If our hypothesis is supported by the data, we would need to remove the toggling logic from the feature code and go through the deployment process.

With either option, if the hypothesis is not supported by the data and we decide to drop the feature, we would need to remove it from the codebase.

Experiment instrumentation: analytics

We can have two CTR instruments attached to each link – one for ongoing data collection (if clickthrough to events is one of our product health metrics) and one for experiment data collection.

Our experiment's analytics instrumentation can go in a separate file: eventParticipantCountExperiment.js

To collect data for the experiment, we pass the Experiment object to the CTR instrument:

const { ClickThroughRateInstrument } = require( 'ext.wikimediaEvents.metricsPlatform' );

mw.loader.using( 'ext.xLab' ).then( () => {
	const experiment = mw.xLab.getExperiment( 'event-participant-count' );

    if ( experiment.isAssignedGroup( 'control', 'show' ) ) {
        const instruments = $( 'a.ext-campaignevents-events-list-link' ).each( function( index, element ) {
            ClickThroughRateInstrument.start(
                'a.ext-campaignevents-events-list-link:nth-of-type(' + (index + 1) + ')',
                'Collaboration list event link',
                experiment
            );
        } );
    }
} );

What this does: ClickThroughRateInstrument can accept an Instrument that has a method submitInteraction.
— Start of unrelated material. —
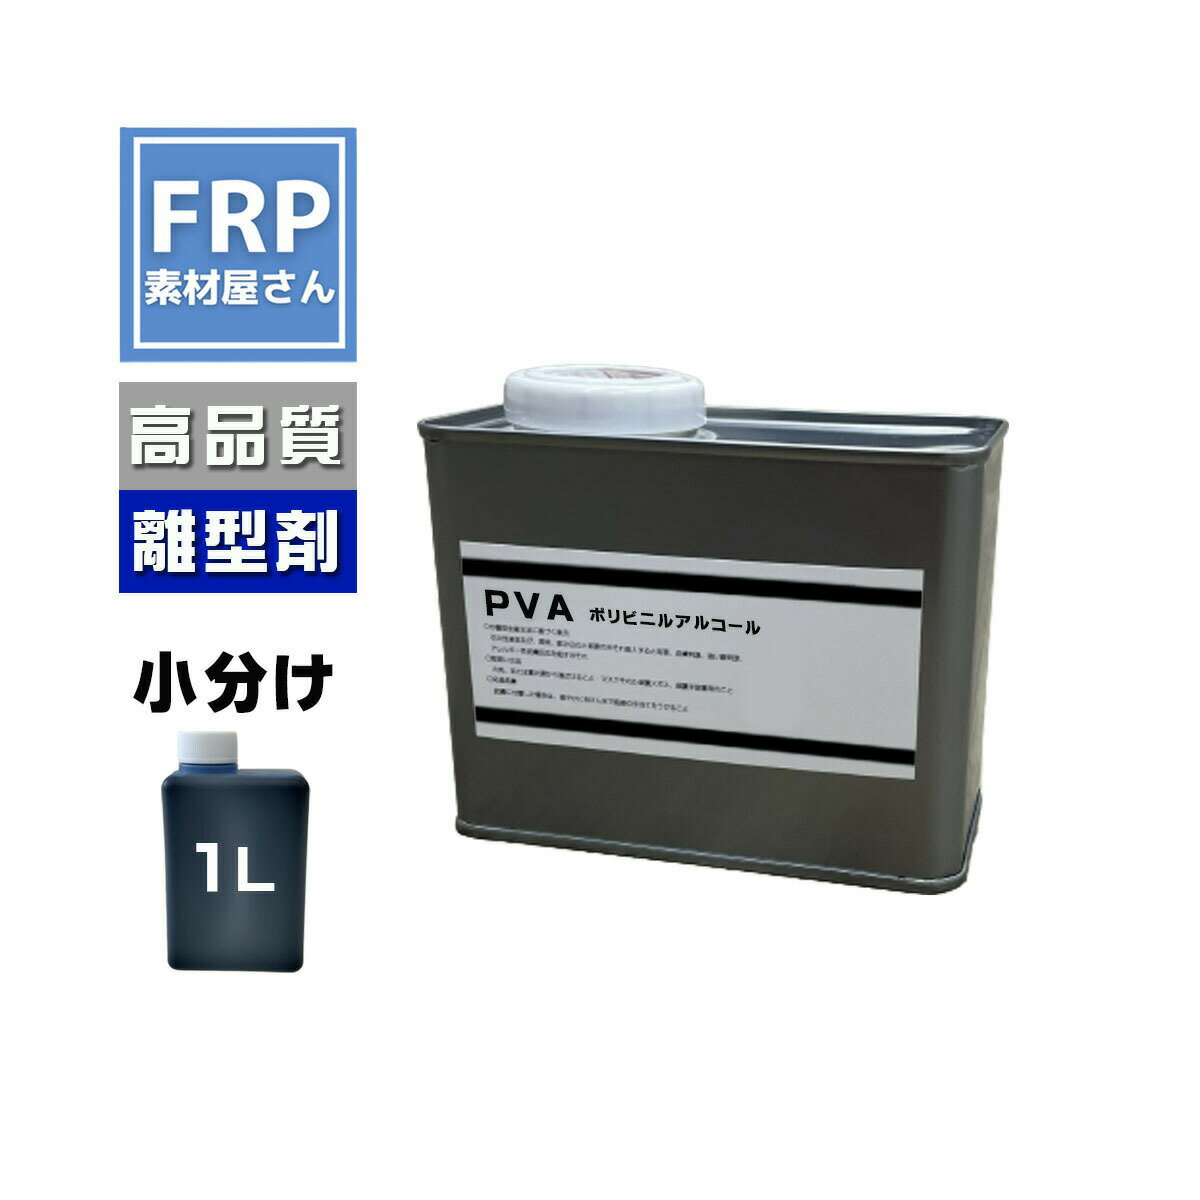 FRP 液体離型剤【 PVA (1L)】ブルー 青/FRP樹脂 剥離剤 型取り 液体タイプ ポリビニルアルコール系

Experiment uses send for producing analytics events but includes a proxy method submitInteraction for compatibility with this version of the CTR instrument. When the CTR instrument produces an impression or click event, it sends it through Experiment which handles the rest.

Experiment configuration

When configuring/scheduling the experiment in xLab, we would select edge_unique as the identifier type and set default user traffic per project to 0% and then to 10% (the maximum allowed) on meta.wikimedia.org specifically, which would make the experiment active on Meta wiki (for 10% of traffic) and nowhere else.

Experiment evaluation

After we register our experiment for automated analysis by adding this entry to the registry:

- enrolled: event-participant-count
  table: event.product_metrics_web_base
  metrics:
    - Clickthrough per user
    - Clickthrough per page visit

The results of our experiment – once it is active and collecting data – would be viewable at https://superset.wikimedia.org/superset/dashboard/experiment-analytics/.

Experiment aftermath

If you decide to ship the change, remember to remove the experiment code (whether that's server-side feature toggling or CSS rules) and remove the experiment-related analytics instrumentation.